Do you want a taste of the Old West, perhaps a mining town-turned-resort with Victorian relics tucked in the Rockies, remote from the fast lane and immune from lift lines? Or do you want to station yourself in the center of several ski areas where you can ski a different resort each day?
When you know your own needs, the next step is to learn the options. In the fall, most metropolitan areas have consumer ski shows where ski areas and trip packagers display their offerings. Ask them about the ambience of the town, the vertical drop of the ski area, the ratio of beginner to intermediate and advanced runs, the percentage of the mountain groomed nightly, the average weekend lift line wait, child-care facilities, the months when good skiing is expected--and begin making comparisons of what you find.
Ski packages generally fall into three categories:
--Resort packages covering lodging, lift tickets and possibly lessons, sold directly by the resort;
--Ground packages covering lodging, lift tickets and transfers to and from an airport;
--Complete packages, including air fare.
The last two types are packaged by airlines or travel wholesalers and sold directly at consumer ski shows, through travel agencies or by calling toll-free numbers advertised in newspaper travel sections and ski magazines, sporting goods stores and ski shows.

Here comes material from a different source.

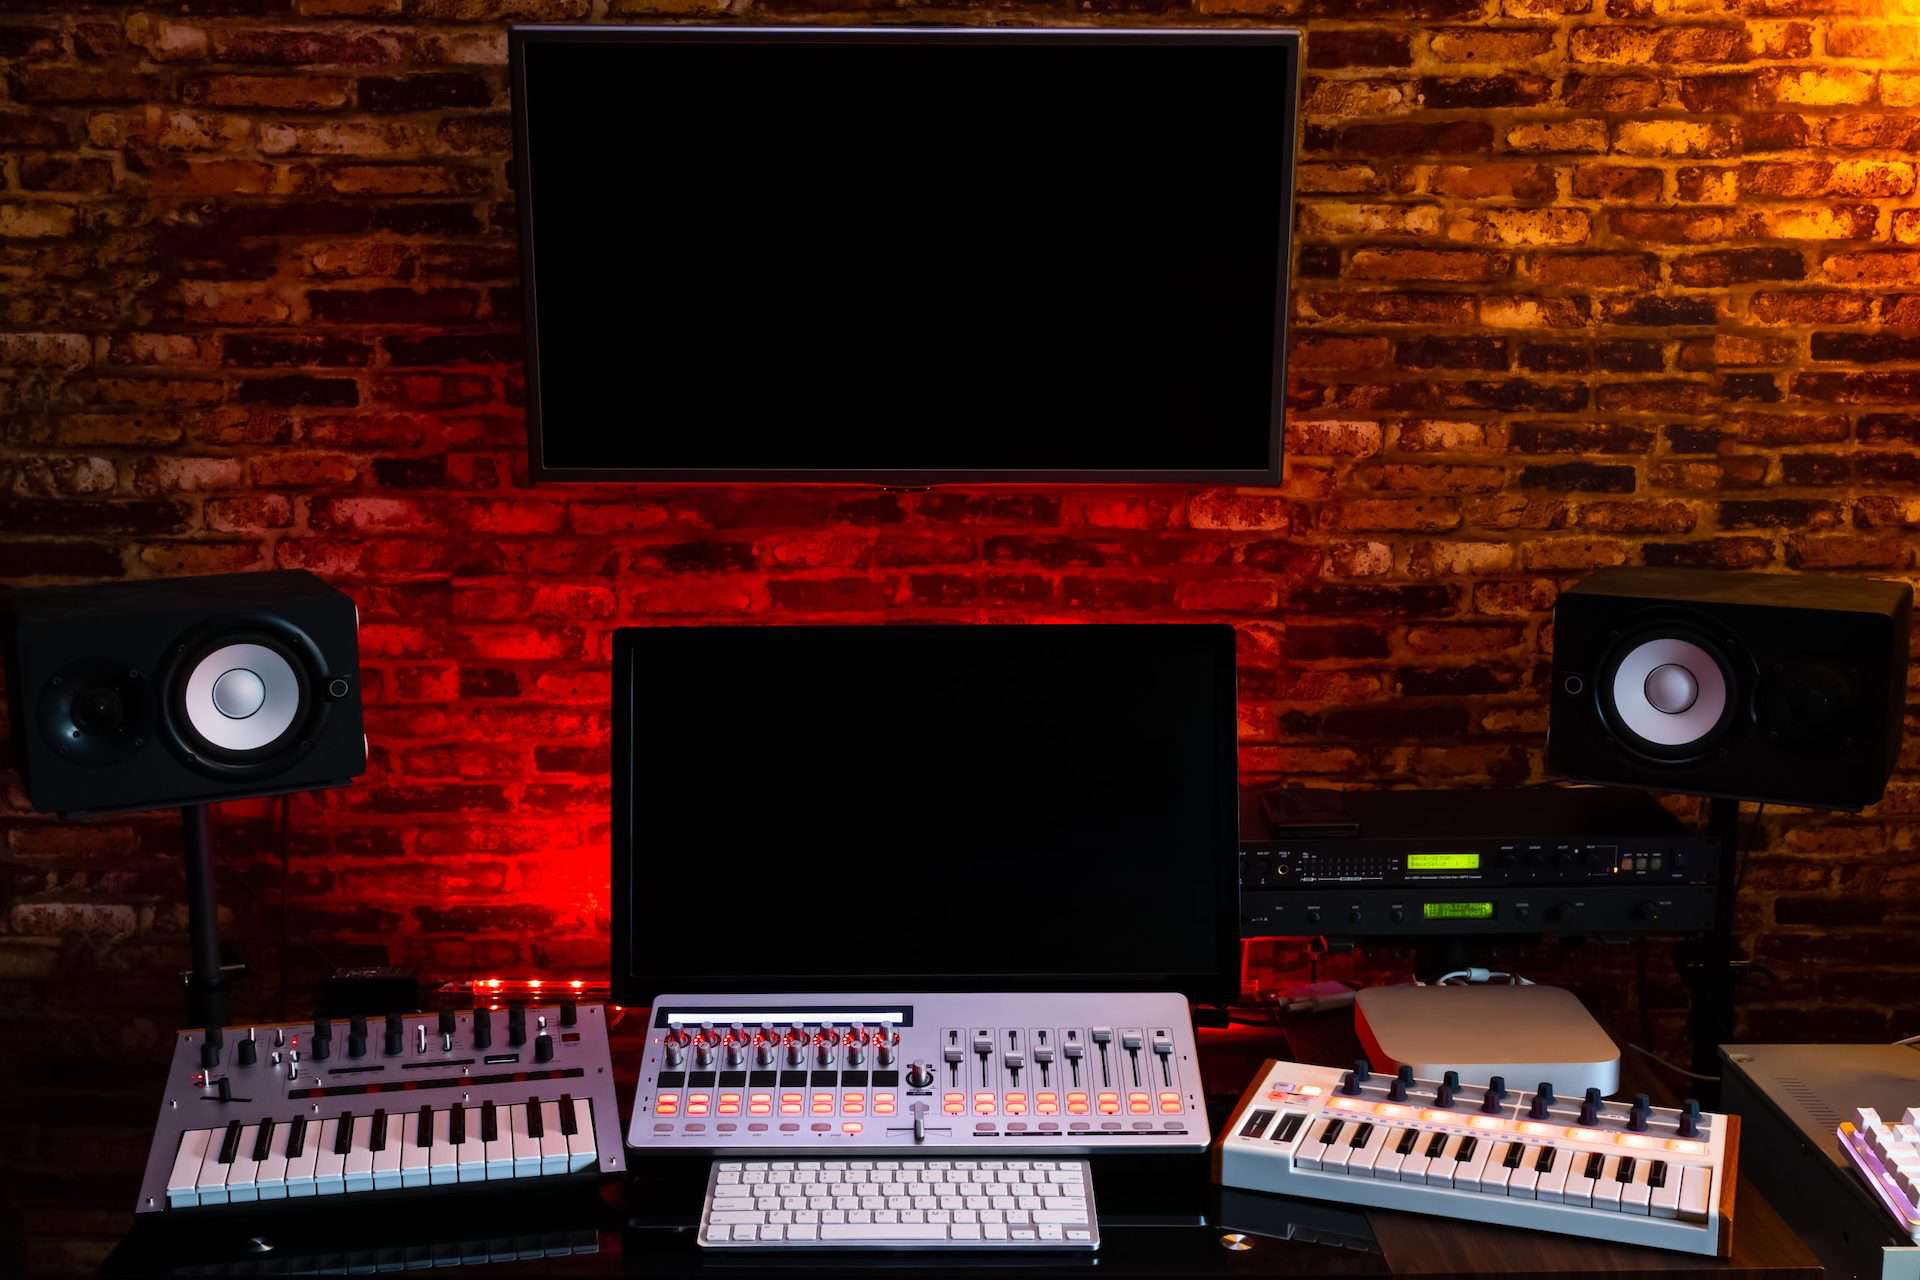 Home Studio vs Professional Studio - Raz Klinghoffer

Although all full-service travel agencies can book ski packages, smaller ones may book so few that they may not be too familiar with the variety offered. More important, they may know very little about ski jargon--for example, whether a 1,500-foot vertical mountain would be challenging to an advanced skier for a full week or would completely bore him or her by the second day.

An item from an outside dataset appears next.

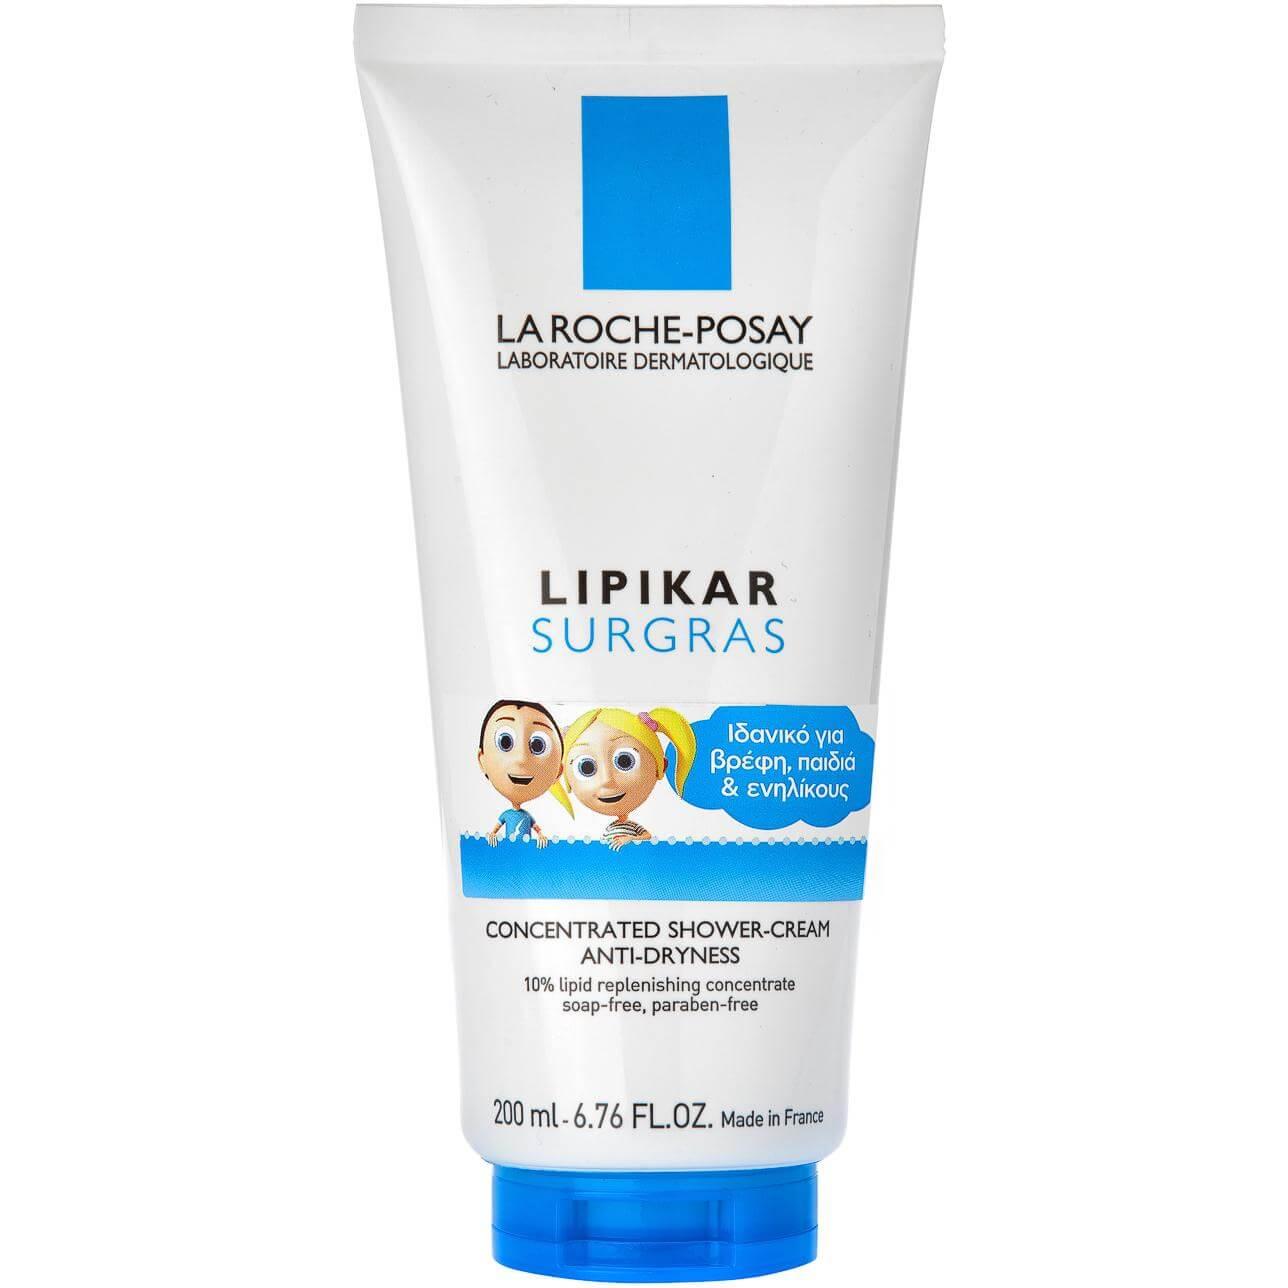 La Roche-Posay Lipikar Surgras Liquid Συμπυκνωμένη Κρέμα για Ντους που Αναπληρώνει τα Λιπίδια του Δέρματος 200ml

Thus, it might be better for the skier unfamiliar with a resort to book through a specialty packager and get information directly from the ski industry.
Ski packagers usually offer slightly reduced air fare and accommodations because they deal in volume.

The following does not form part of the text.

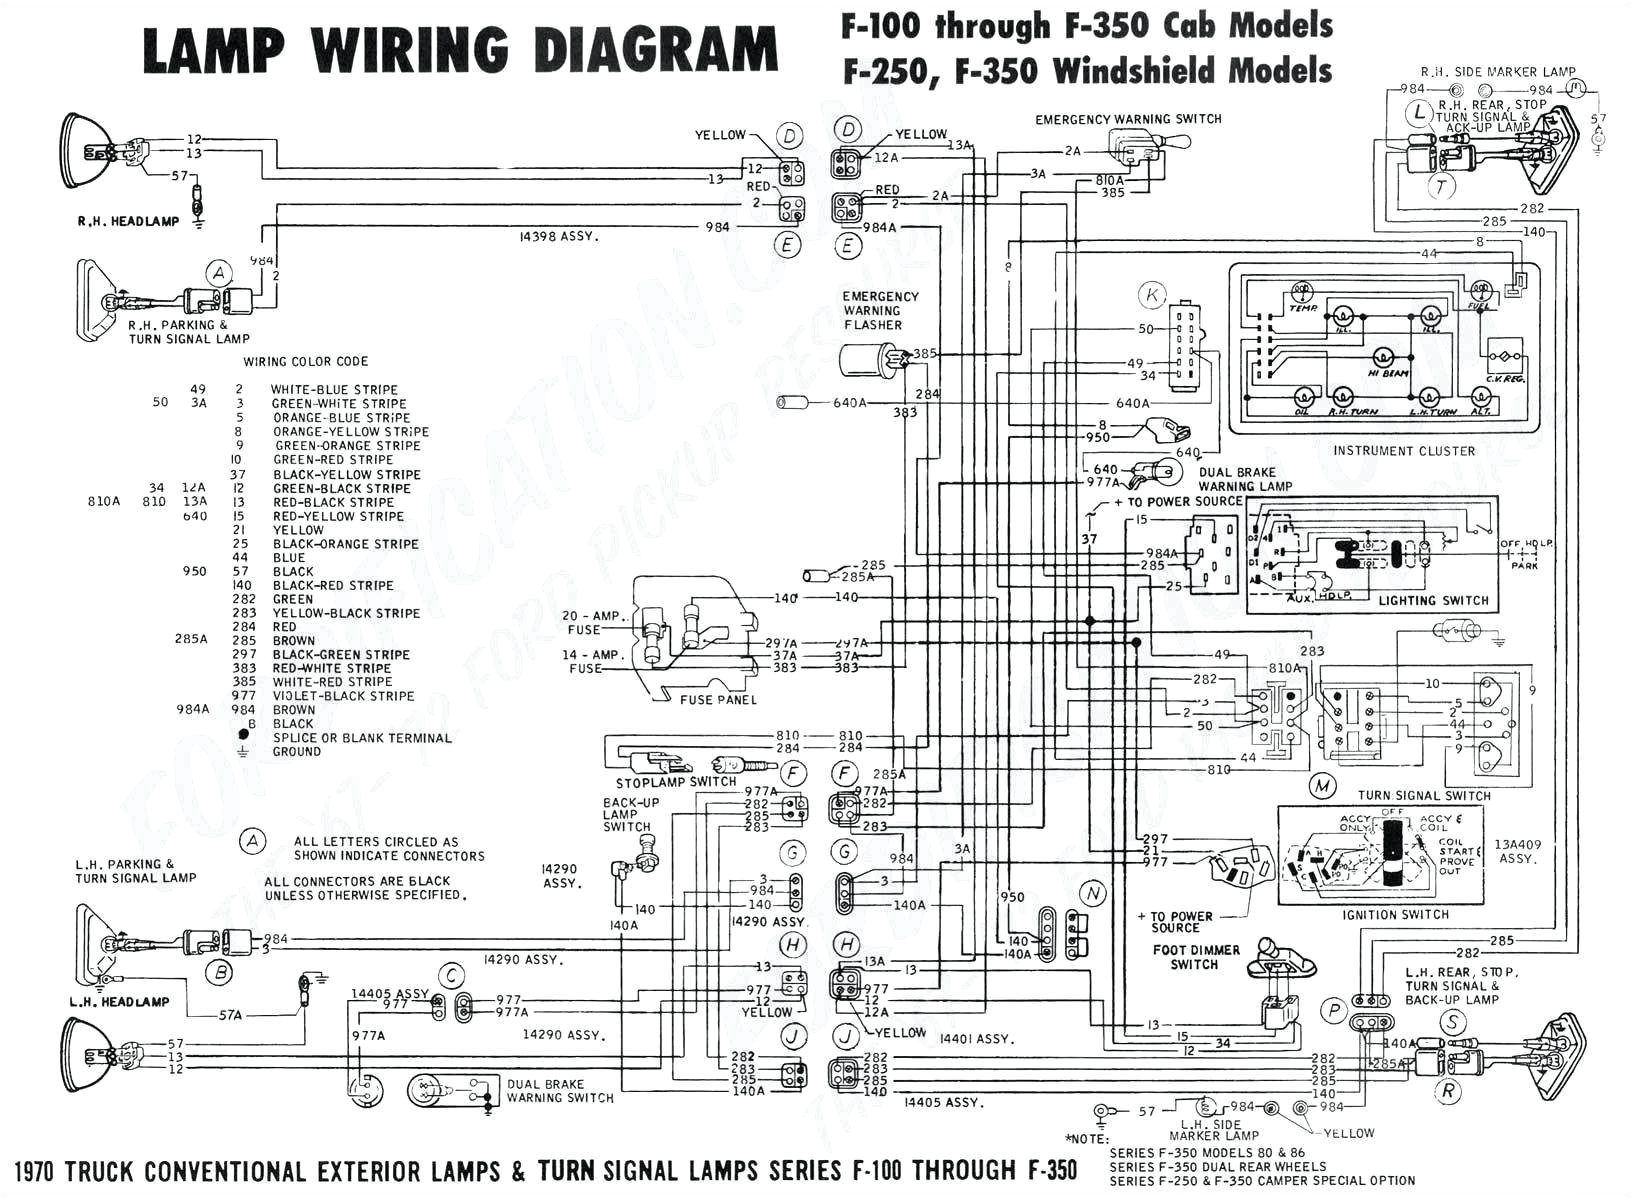 2002 chevy silverado tail light wiring diagram wiring diagram database

Colorado and Utah have marketing associations that disseminate a wealth of information in their ski planning guides. The guide produced by the Ski Utah group covers 14 resorts, while Colorado Ski Country describes 28. Information listed includes location and distance from airport, terrain description, season schedule, elevation and vertical drop, average snowfall, lift ticket and lesson rates, special services such as nursery and children’s ski school, and lodging options. “The average savings of trip packages over individually priced items is generally 5% to 10%, but that increases dramatically for trips booked far in advance or at the last minute, when there is additional discounting,” said Marty Melcher, director of Advance Reservations, a Park City, Utah-based ski trip packager.
For example, a three-night package at the Stein Eriksen Lodge in Deer Valley, Utah, including lift tickets, air fare, ground transportation and lodging, is priced at $649 until next Sunday. Priced separately, the same items total $1,005.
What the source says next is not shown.